The import of really large, multi-gigabyte, .qdstrm files may take up all of the memory on the host computer and lock up the system. We are working to improve this, but many users are working with setups where the target computer is much more powerful than the host they are using for visualization.

Using QdstrmImporter gives you the ability to script the .qdrep generation (on the host) or generate the .qdrep file where you have the most resources. Note that the CLI and QdstrmImporter versions must match to convert a .qdstrm file into a .qdrep file. This .qdrep file can then be opened in the same verion or more recent versions of the GUI.

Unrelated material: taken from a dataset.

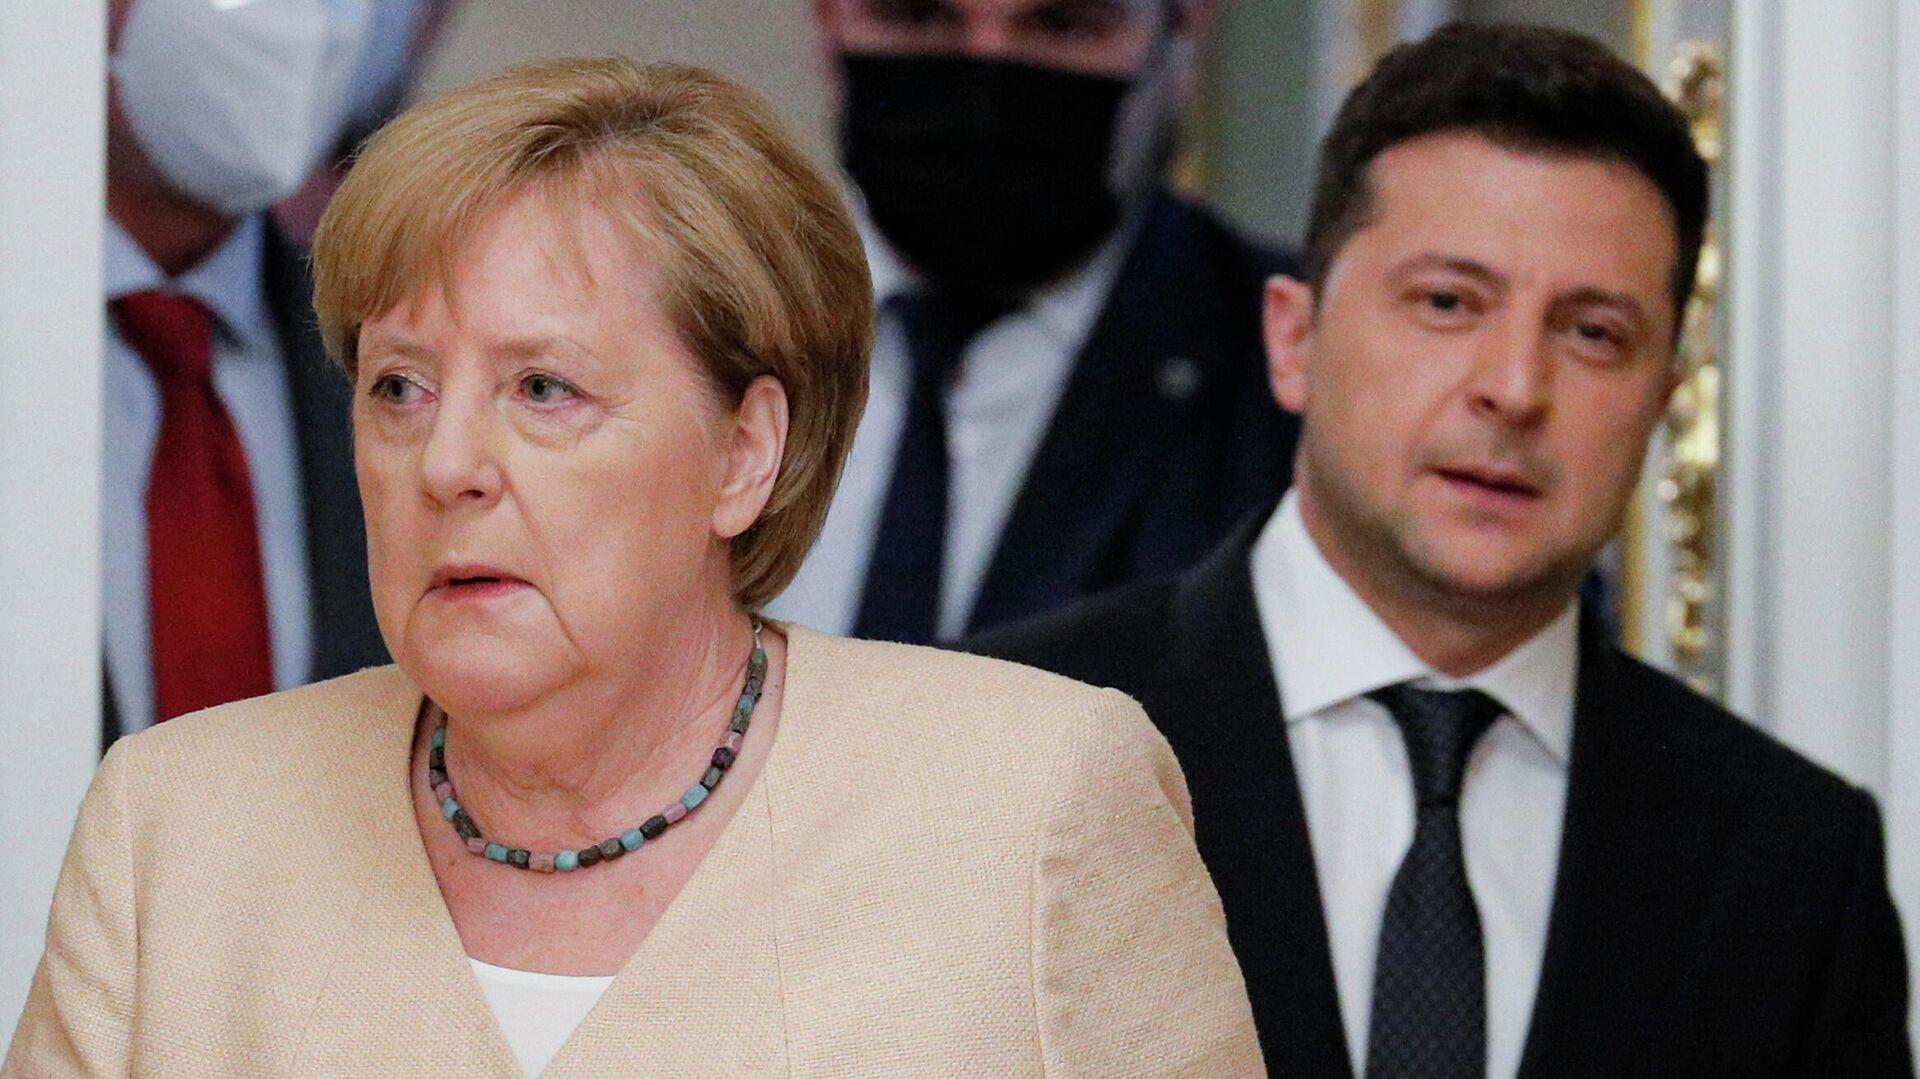 Президент Украины Владимир Зеленский и канцлер Германии Ангела Меркель во время встречи в Киеве - РИА Новости, 1920, 17.09.2021

To run QdstrmImporter on the host system, find the QdstrmImporter binary in the Host-x86_64 directory in your installation. QdstrmImporter is available for all host platforms. See options below.

To run QdstrmImporter on the target system, copy the Linux Host-x86_64 directory to the target Linux system or install Nsight Systems for Linux host directly on the target. The Windows or MacOS host QdstrmImporter will not work on a Linux Target. See options below.

QdstrmImporter Options:
-h or --help ---- Help message providing information about available options and their parameters.
-v or --version ---- Output QdstrmImporter version information
-i or --input-file [filename or path] ---- Import .qdstrm file and generate a .qdrep file with the same name and in the same location.

mengda.yang · November 7, 2018, 12:59am

Hi, I encountered this error importing a 800MB qdstrm file.

Importing...
Import Failed with unexpected exception: /build/agent/work/20a3cfcd1c25021d/QuadD/Host/QdstrmImporter/main.cpp(36): Throw in function void {anonymous}::RunImport(boost::filesystem::path)
Dynamic exception type: boost::exception_detail::clone_impl<QuadDCommon::RuntimeException>
std::exception::what: RuntimeException
[QuadDCommon::tag_error_text*] = Status: TargetProfilingFailed
Props {
  Items {
    Type: DeviceId
    Value: "Local (CLI)"
  }
}
Error {
  Type: RuntimeError
  SubError {
    Type: ProcessEventsError
    Props {
      Items {
        Type: ErrorText
        Value: "/build/agent/work/20a3cfcd1c25021d/QuadD/Host/Analysis/SymbolAnalyzer/SymbolAnalyzer.cpp(216): Throw in function virtual QuadDSymbolAnalyzer::SymbolInfoLight QuadDSymbolAnalyzer::SymbolAnalyzer::RemoteResolveSymbol(QuadDCommon::TransferrableProcessId, const QuadDTimestamp&, uint64_t, bool)\nDynamic exception type: boost::exception_detail::clone_impl<QuadDCommon::TimeoutException>\nstd::exception::what: TimeoutException\n[QuadDCommon::tag_error_text*] = Wait time to resolve symbol expired\n"
      }
    }
  }
}

hwilper · November 7, 2018, 2:46pm

There are two things that may have happened here.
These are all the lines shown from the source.